The DF-31 was developed to replace many of China's older ballistic missiles, and served as basis to the new JL-2 (CSS-NX-4/CSS-NX-5) SLBM. In 2009, approx. 30 DF-31/DF-31A are estimated to be in service; it is possible this number may have increased since then. 12 were displayed at the 2009 military parade in Beijing commemorating the 60th anniversary of the PRC's founding.
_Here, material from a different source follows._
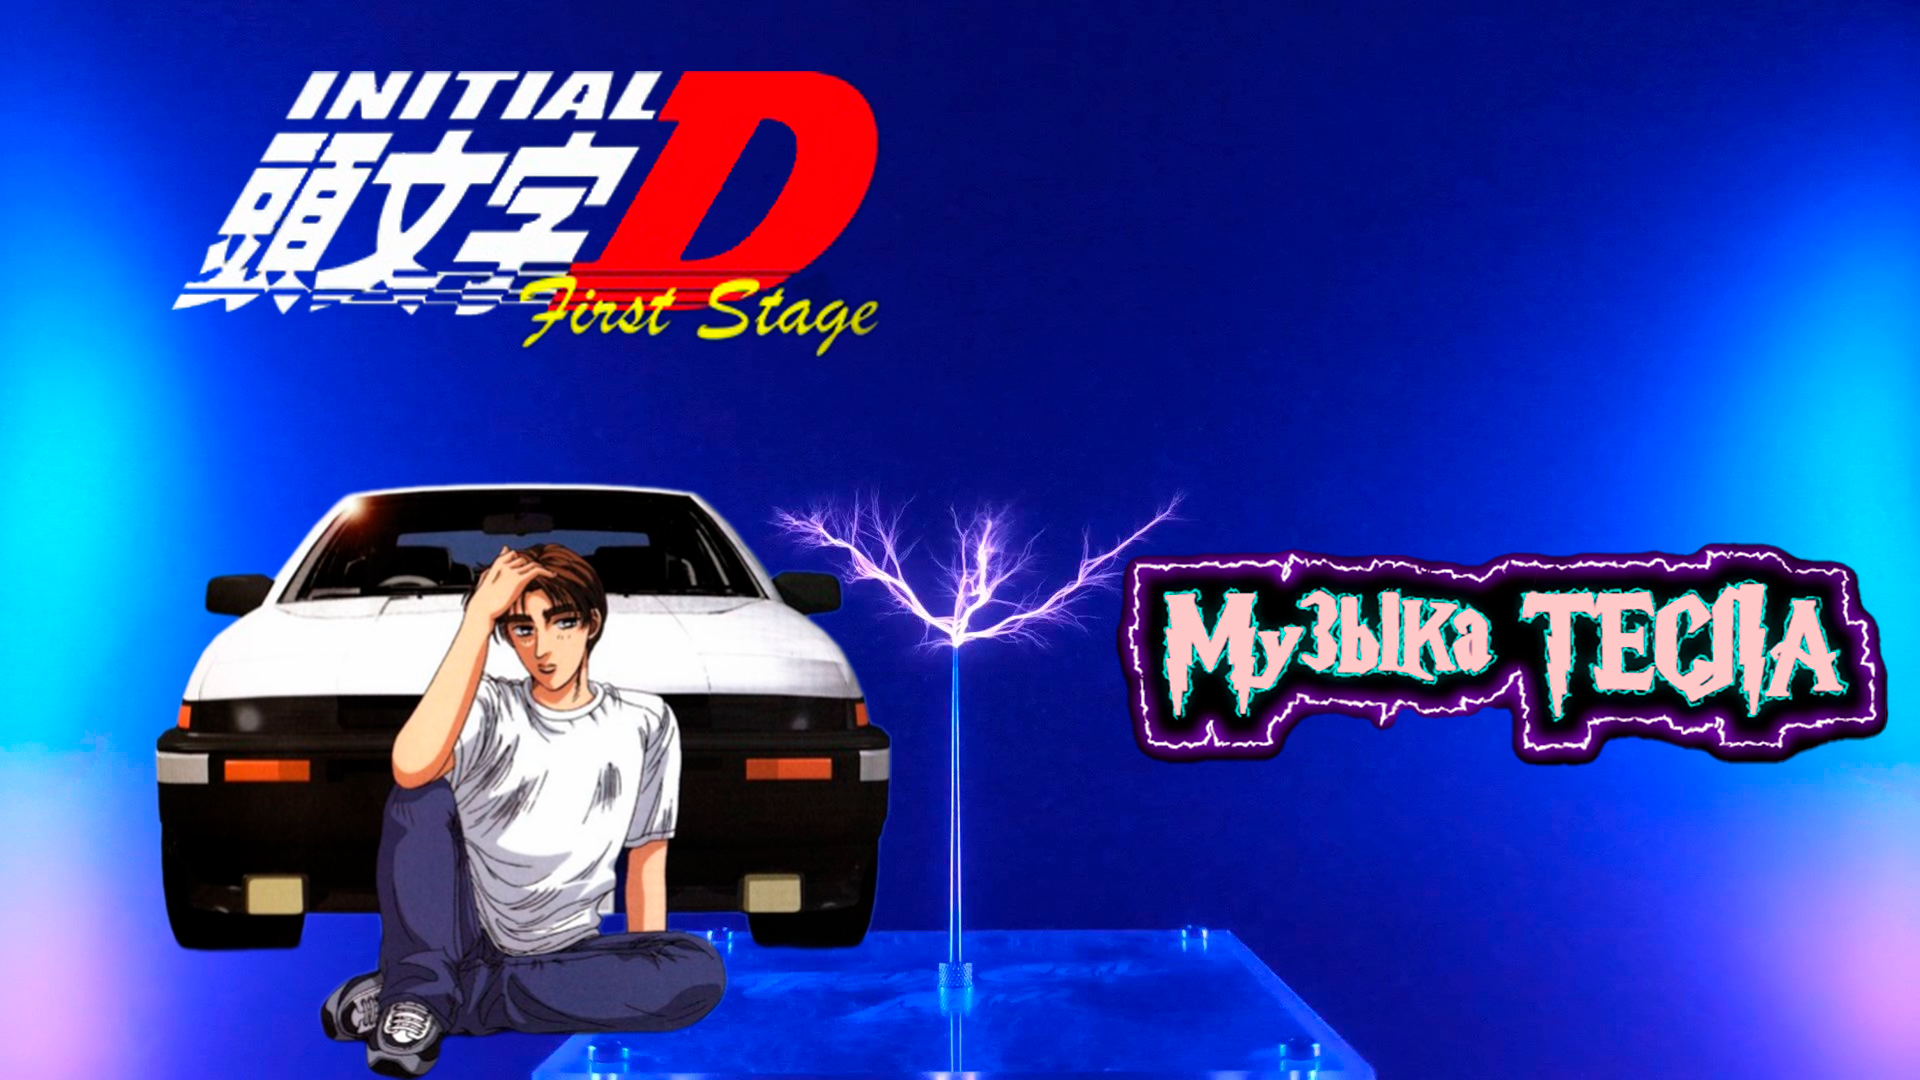 Running In The 90's - Initial D First Stage Tesla Coil Mix #музыкатесла
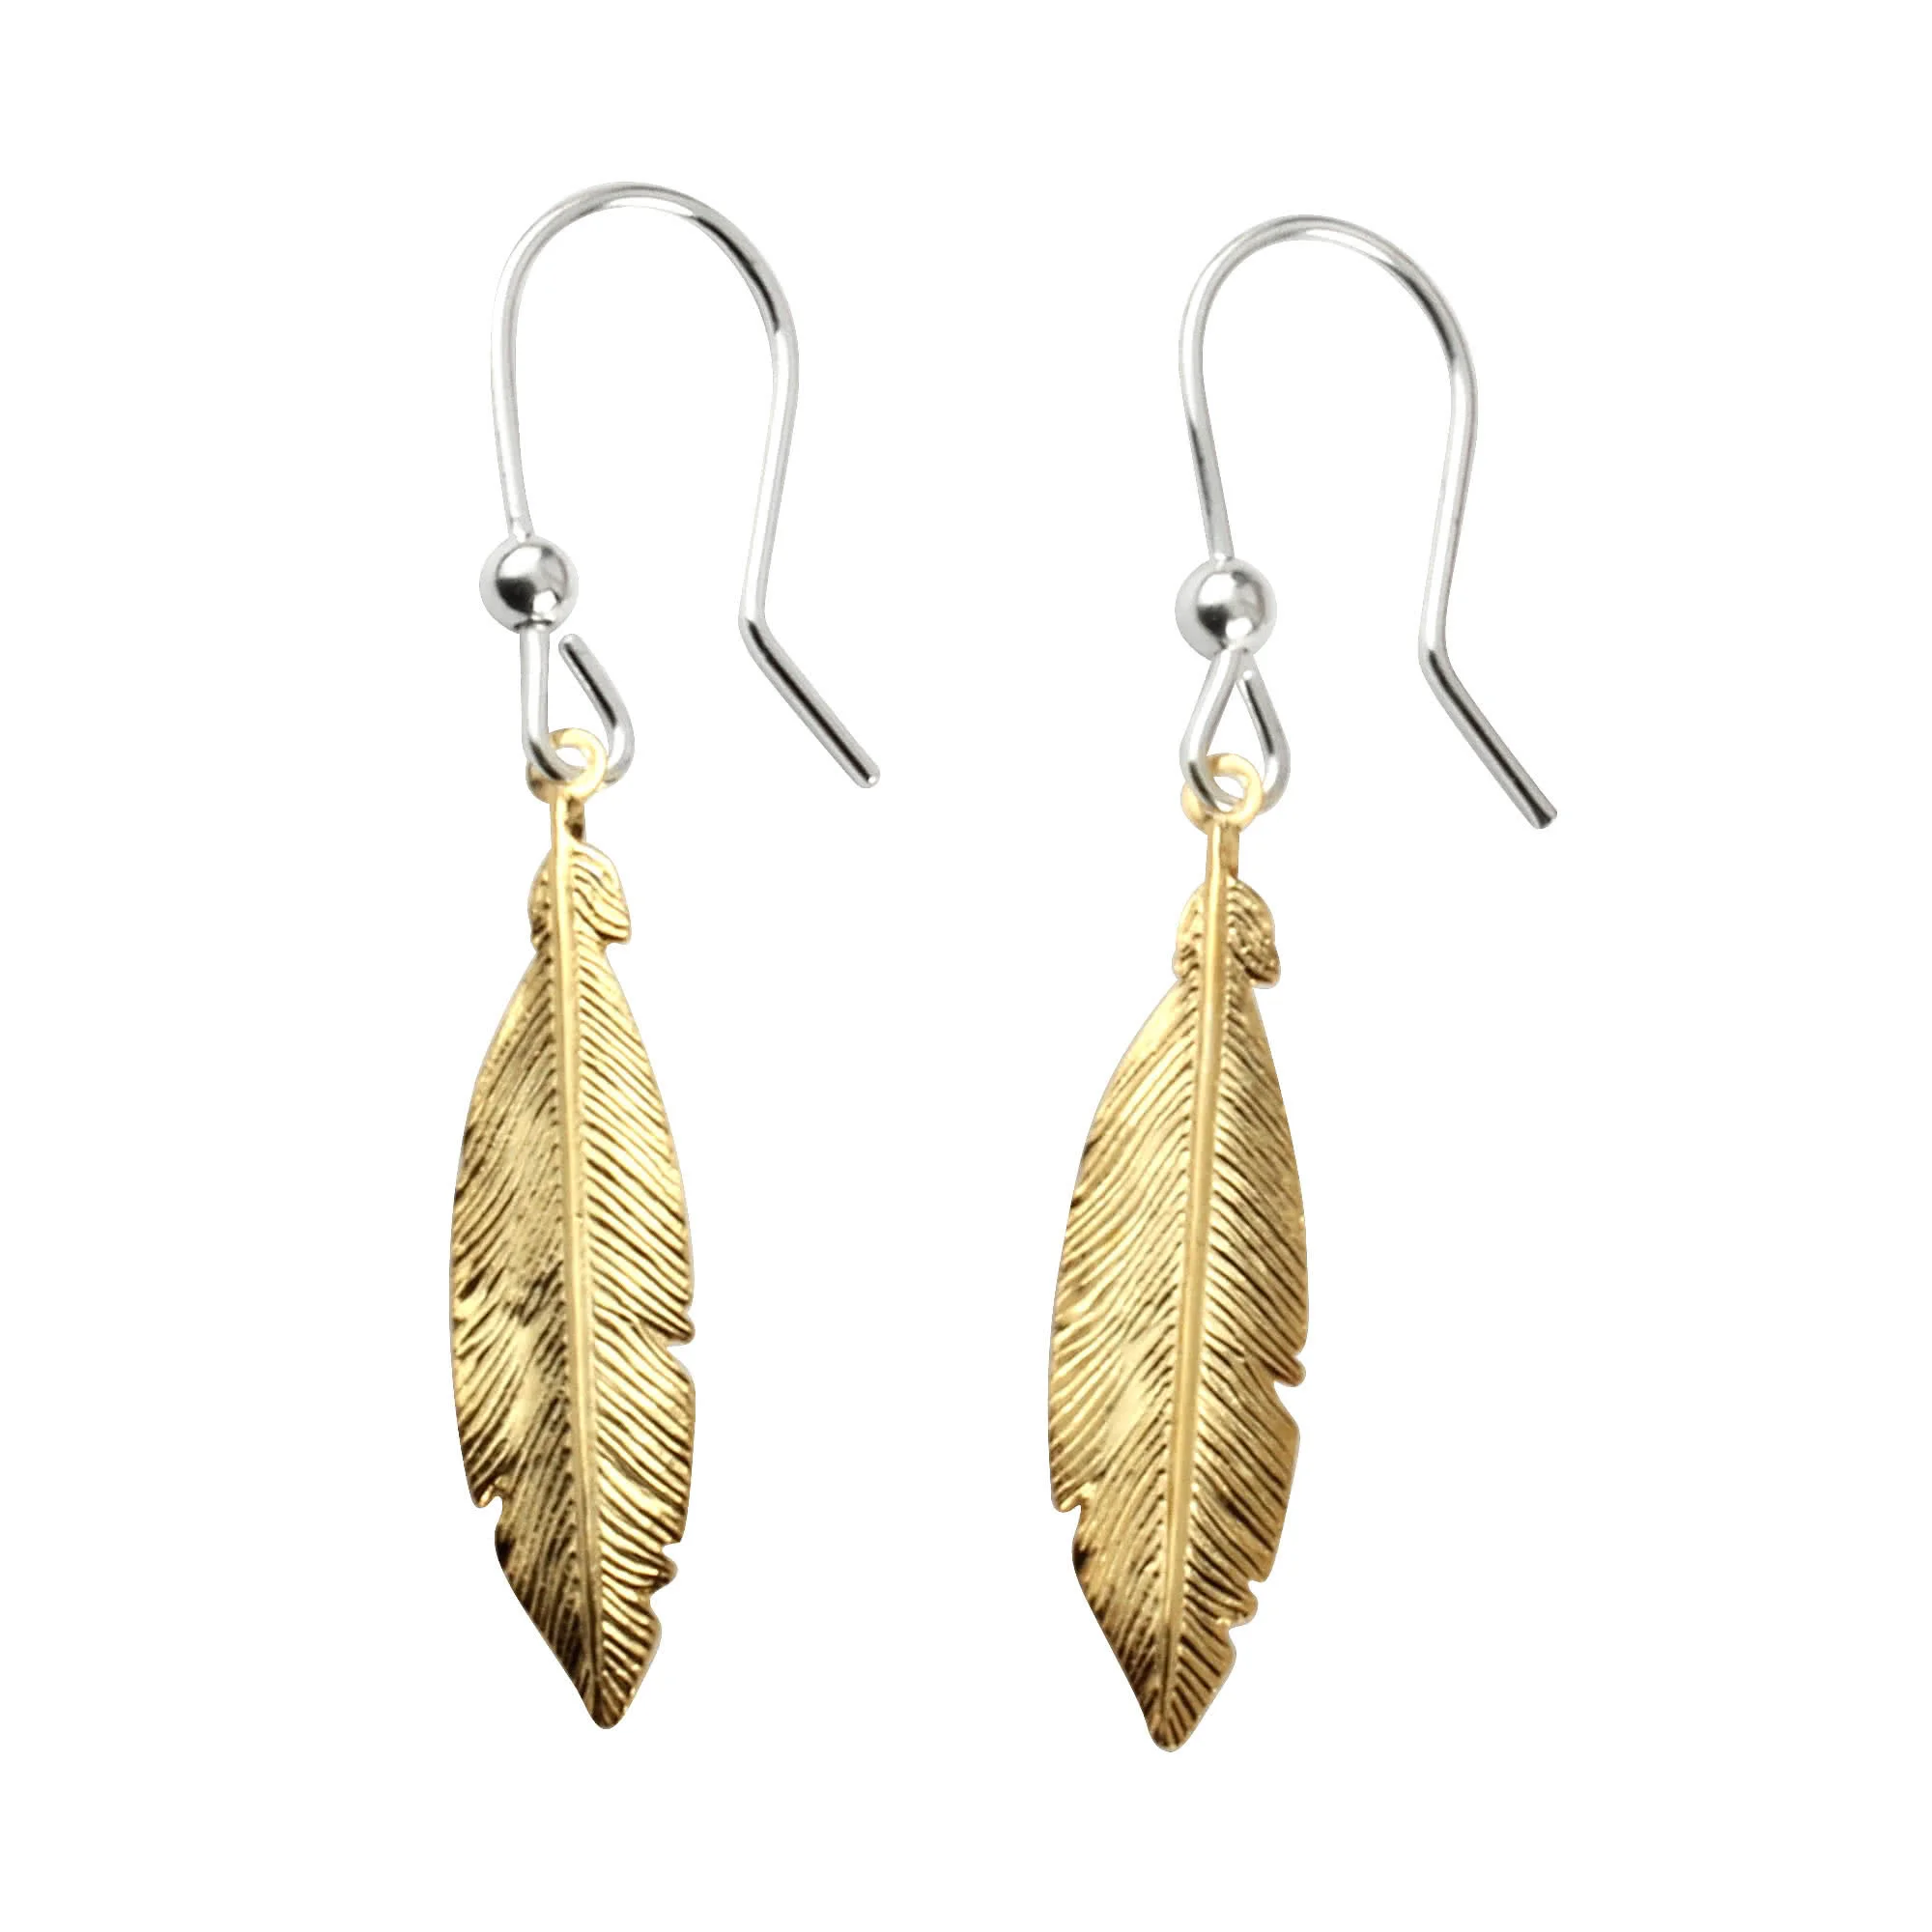 RTS ☆ Love Me Some Feathers Earrings – Turquoise Tuesday

The DF-31AG uses a mobile launcher with improved mobility. It made its first official public appearance in the 2017 PLA Day Parade.

===Dongfeng 41 (CSS-20)===

The DF-41 (CSS-20) is a solid-fuel ICBM equipped to carry ten or twelve MIRV warheads. With an estimated range between 12,000 - 15,000 km, it is believed to surpass the range of the US's LGM-30 Minuteman ICBM to become the world's longest range missile.

===Dongfeng 61===

The DF-61 is a solid-fuel ICBM and the newest addition to China's nuclear arsenal. It was unveiled at the 2025 China Victory Day Parade.